The U.S. should not be worried about losing out on the low-cost, low-skilled end of the global labor market; it should be worried about other countries slowly chipping away at its ability to grow, attract, and retain top creative talent. Any attempt at immigration reform has to make America more friendly, and certainly not any less friendly, to this crucial source of talent and economic advantage
Second, the new playing field makes regions the fundamental economic and social organizing unit of the world economy. True, technology enables the diffusion and decentralization of economic activity, leading to what Tom Freidman likes to call the “flattening” of the world economy. But the tremendous productivity and creativity gains that spring from high density give shape to a powerful counterforce: geographic clustering and concentration.
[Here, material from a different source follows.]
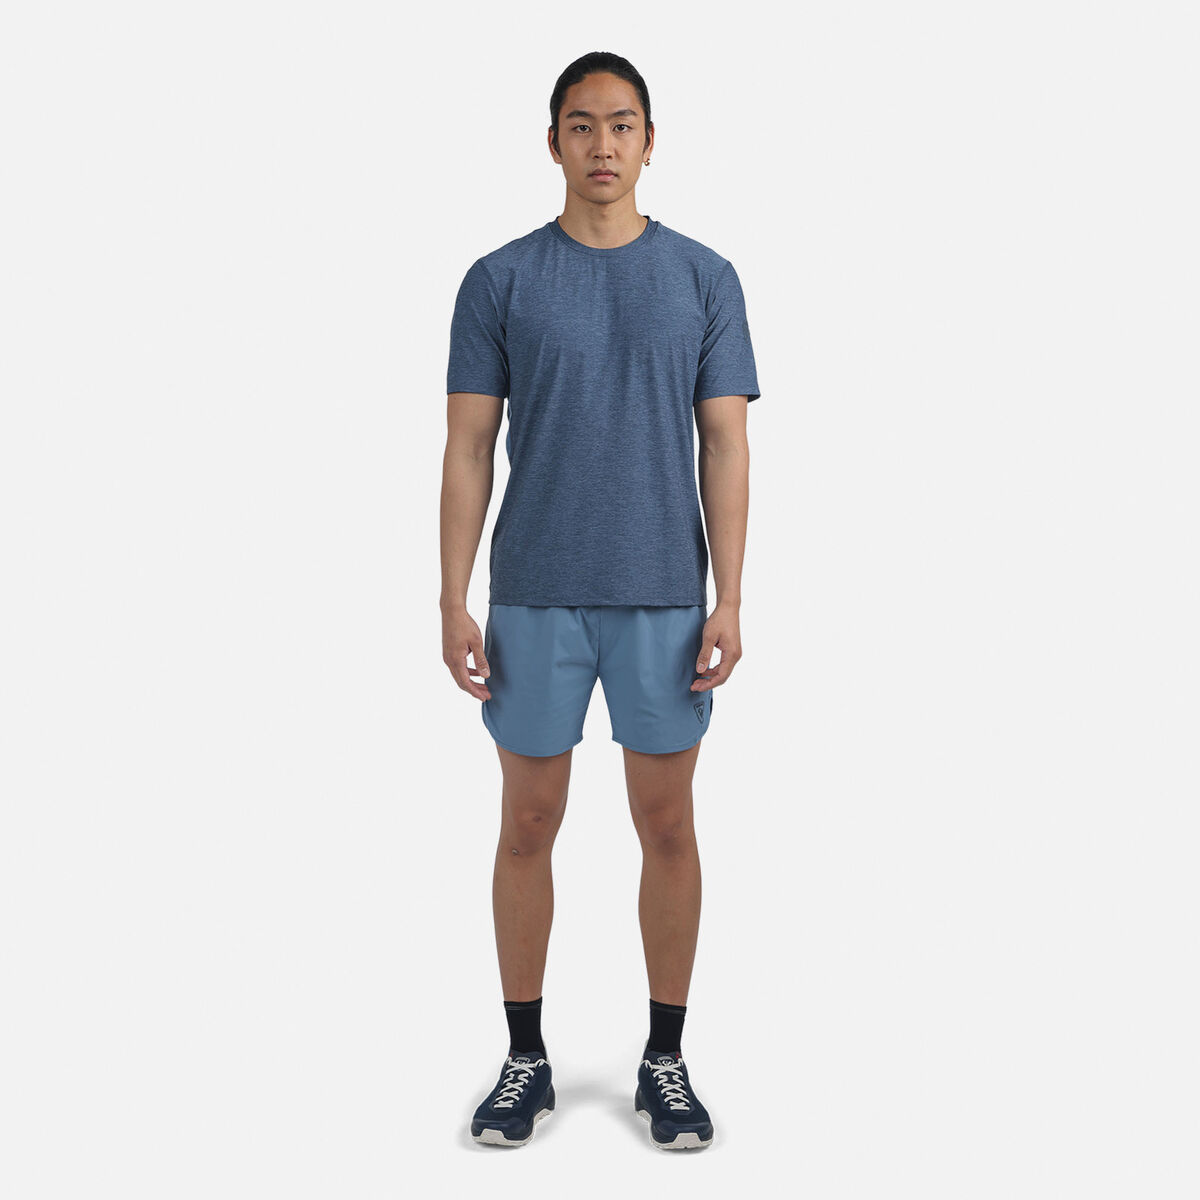 Rossignol Men's 2-in-1 Active Shorts Blue

As a result, the cutting edge of the world economy is taking shape around a relatively small number of regions—places that Bill Gates has aptly dubbed “IQ magnets.” Some of these are enormous and established creative hubs such as New York, London, Paris, and Tokyo. Others are centers of science and technology (the San Franciscos and Bostons of the world), powerful regional centers (think Taipei and Singapore) and diverse talent magnets (from Sydney and Melbourne to Amsterdam and Dublin, Toronto and Vancouver).
This clustering of talent is just as prevalent in the emerging economies, especially India and China, where economic and technological activity is becoming far more concentrated than in the advanced world. A small number of booming mega-regions like Bangalore, New Delhi, Shanghai, Beijing, and Guangzhou are sucking talent from the countryside, connecting to the world economy, and leaving the rest of their countries behind. Within these regions, too—as within U.S. metros—the economic divide between high-skilled and low-skilled is growing.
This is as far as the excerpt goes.